- [PROBLEM]:
Leave the pictures out and restate every line below exactly.

RECORDED INFORMATION Start Marker

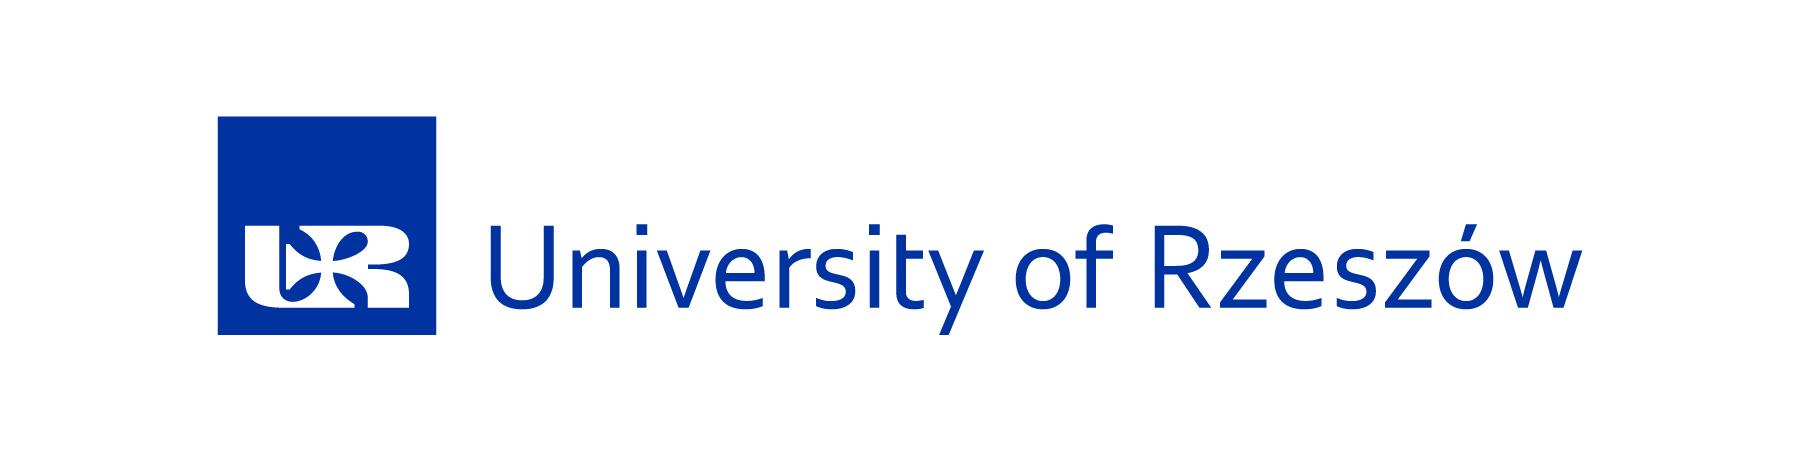 University of Rzeszów, logo
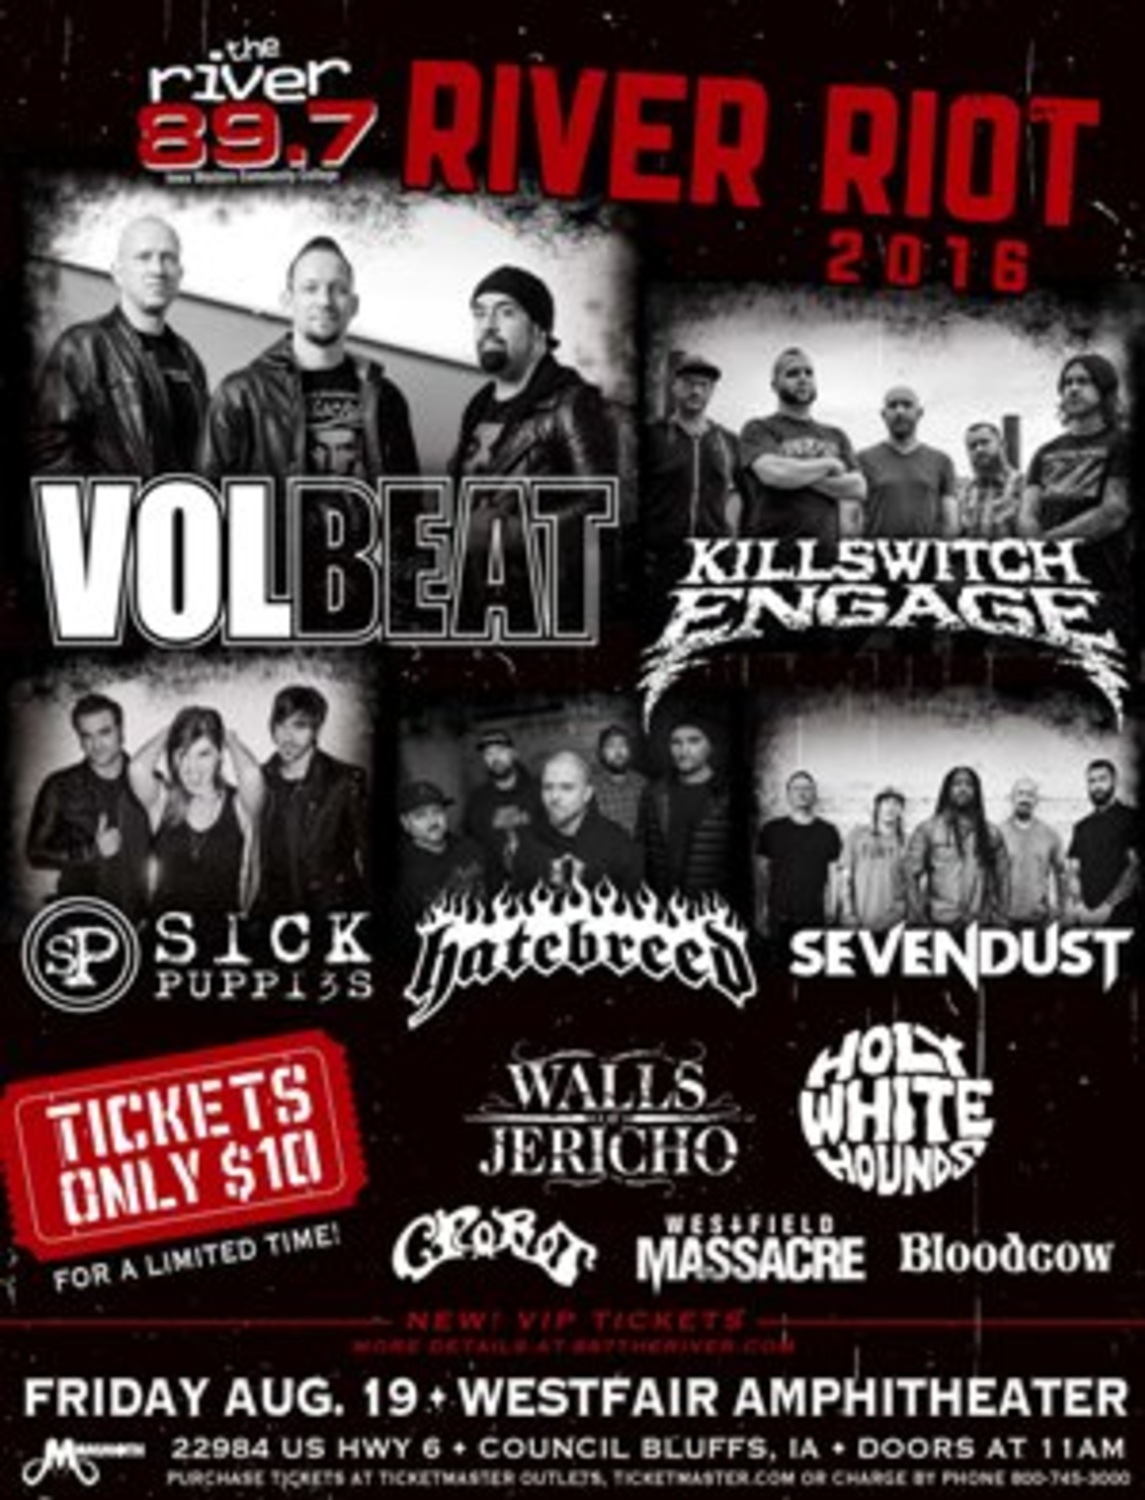 Volbeat News River Riot 2016
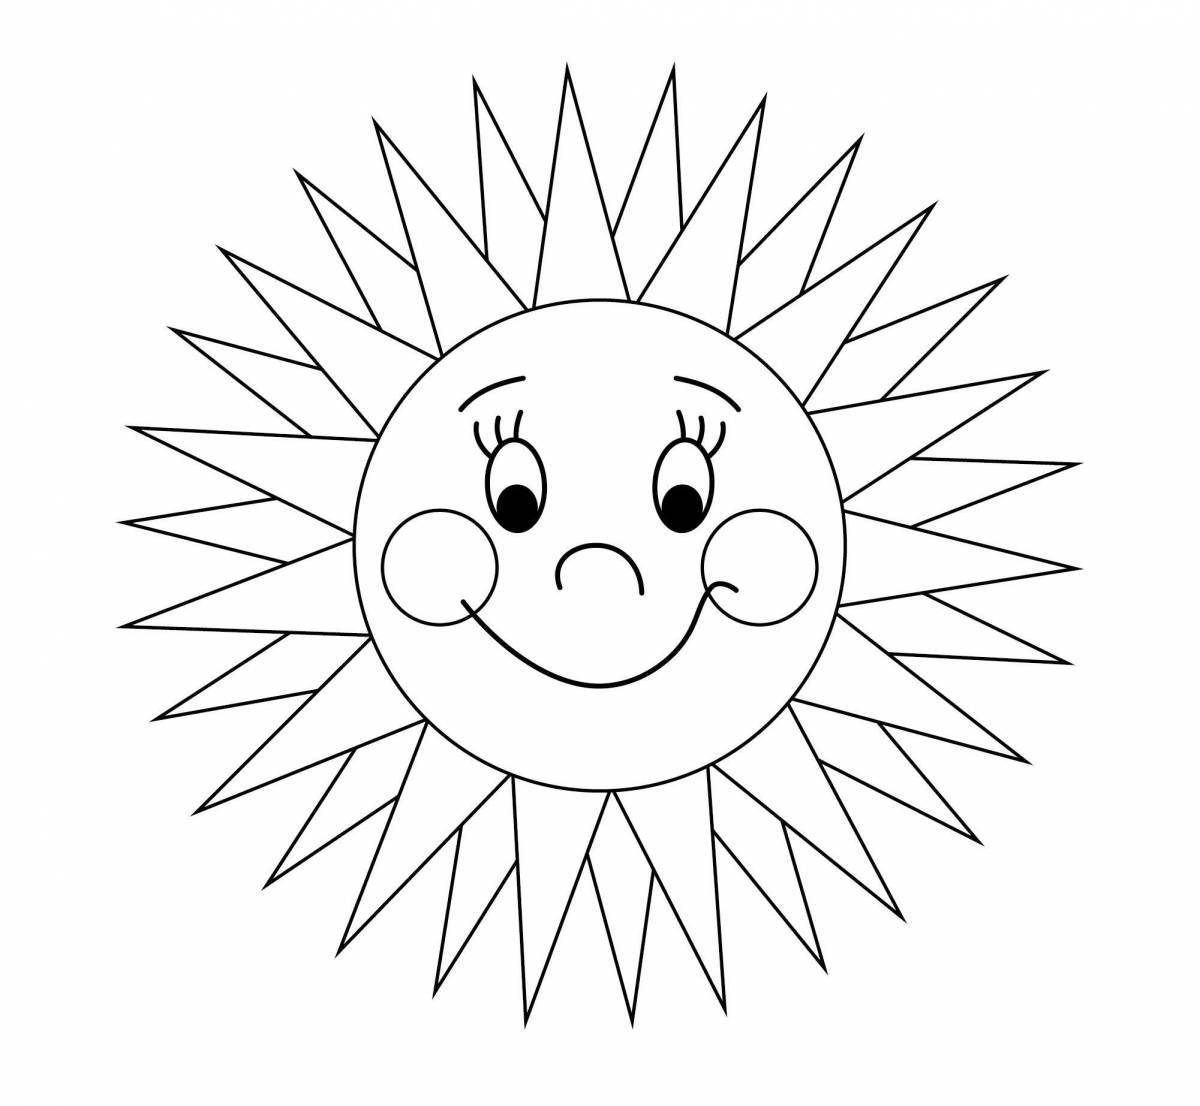 Увлекательная раскраска солнце для детей 4-5 лет
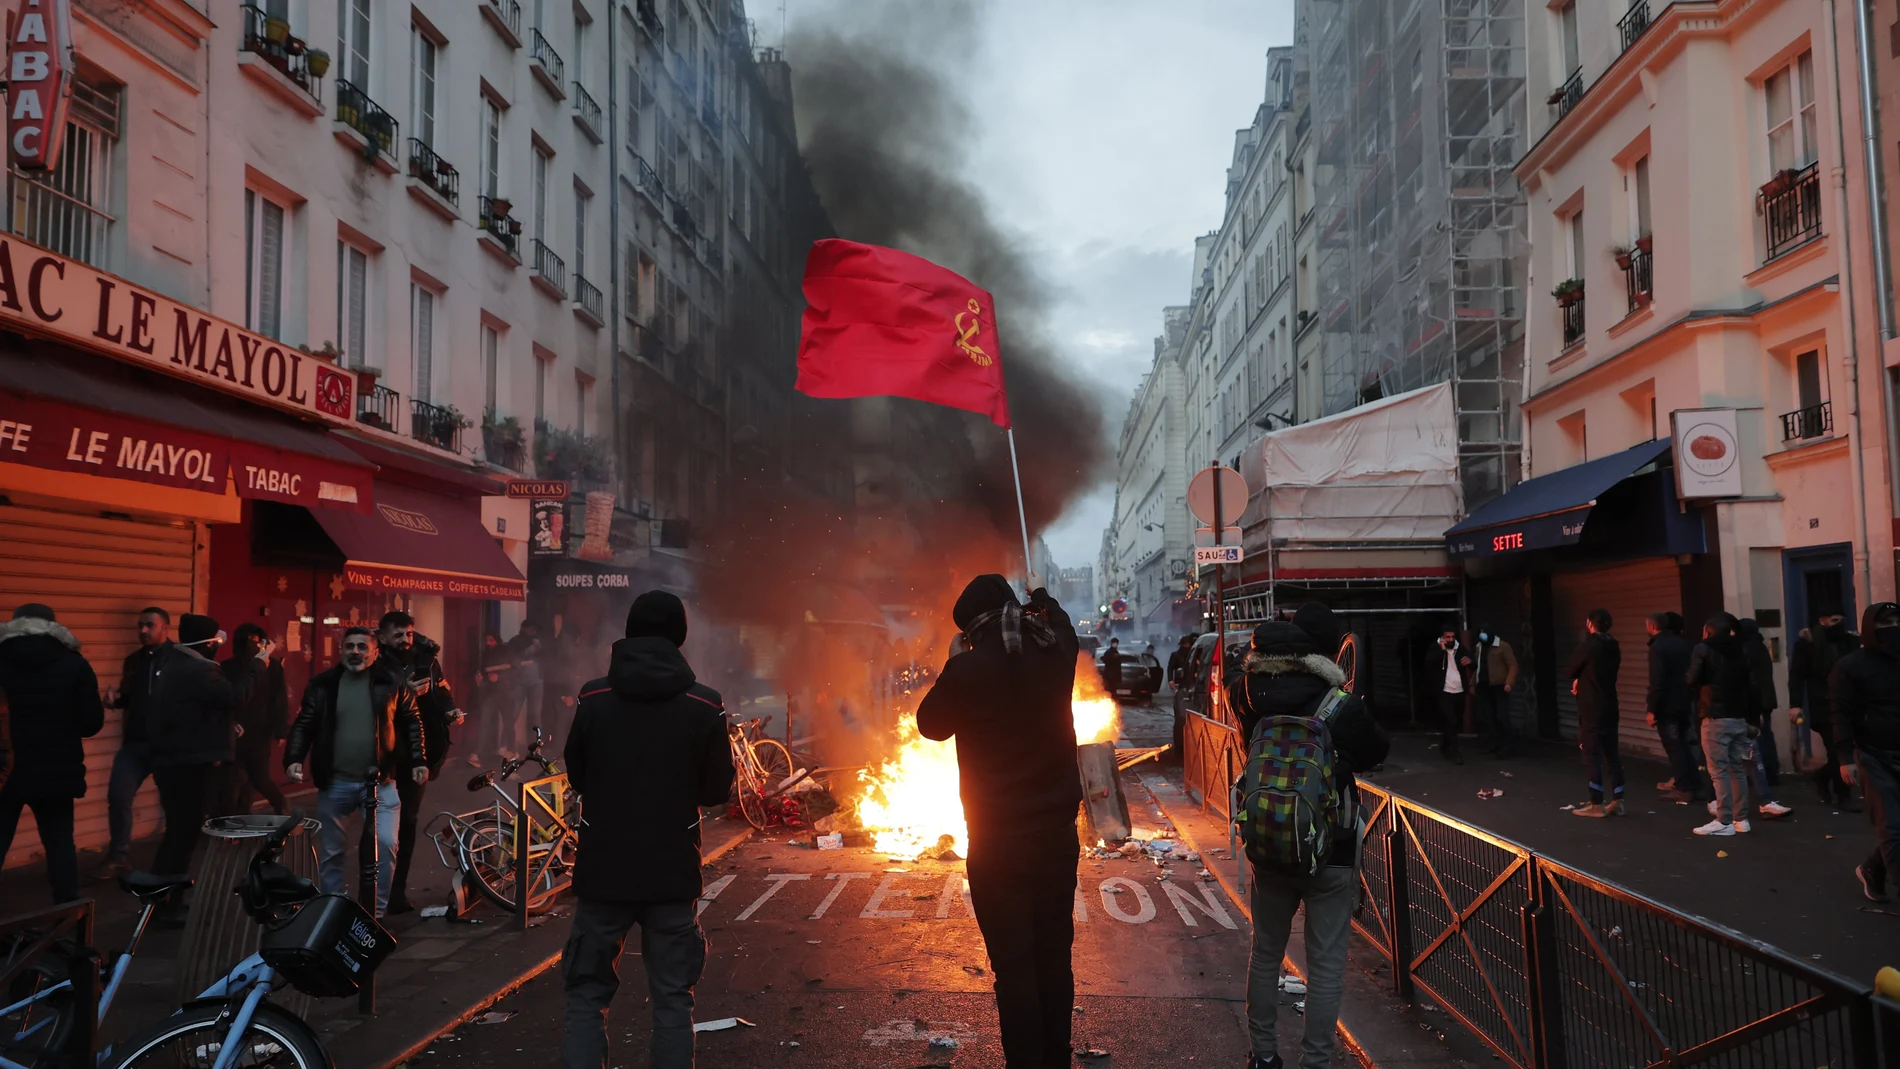 Un miembro de la comunidad kurda ondea las banderas comunistas kurdas junto a una barricada en llamas en la escena del crimen donde tuvo lugar el tiroteo en París

RECORDED INFORMATION End Marker

- [ANSWER FOR THE TASK]:
 University of Rzeszów, logo
 Volbeat News River Riot 2016
 Увлекательная раскраска солнце для детей 4-5 лет
 Un miembro de la comunidad kurda ondea las banderas comunistas kurdas junto a una barricada en llamas en la escena del crimen donde tuvo lugar el tiroteo en París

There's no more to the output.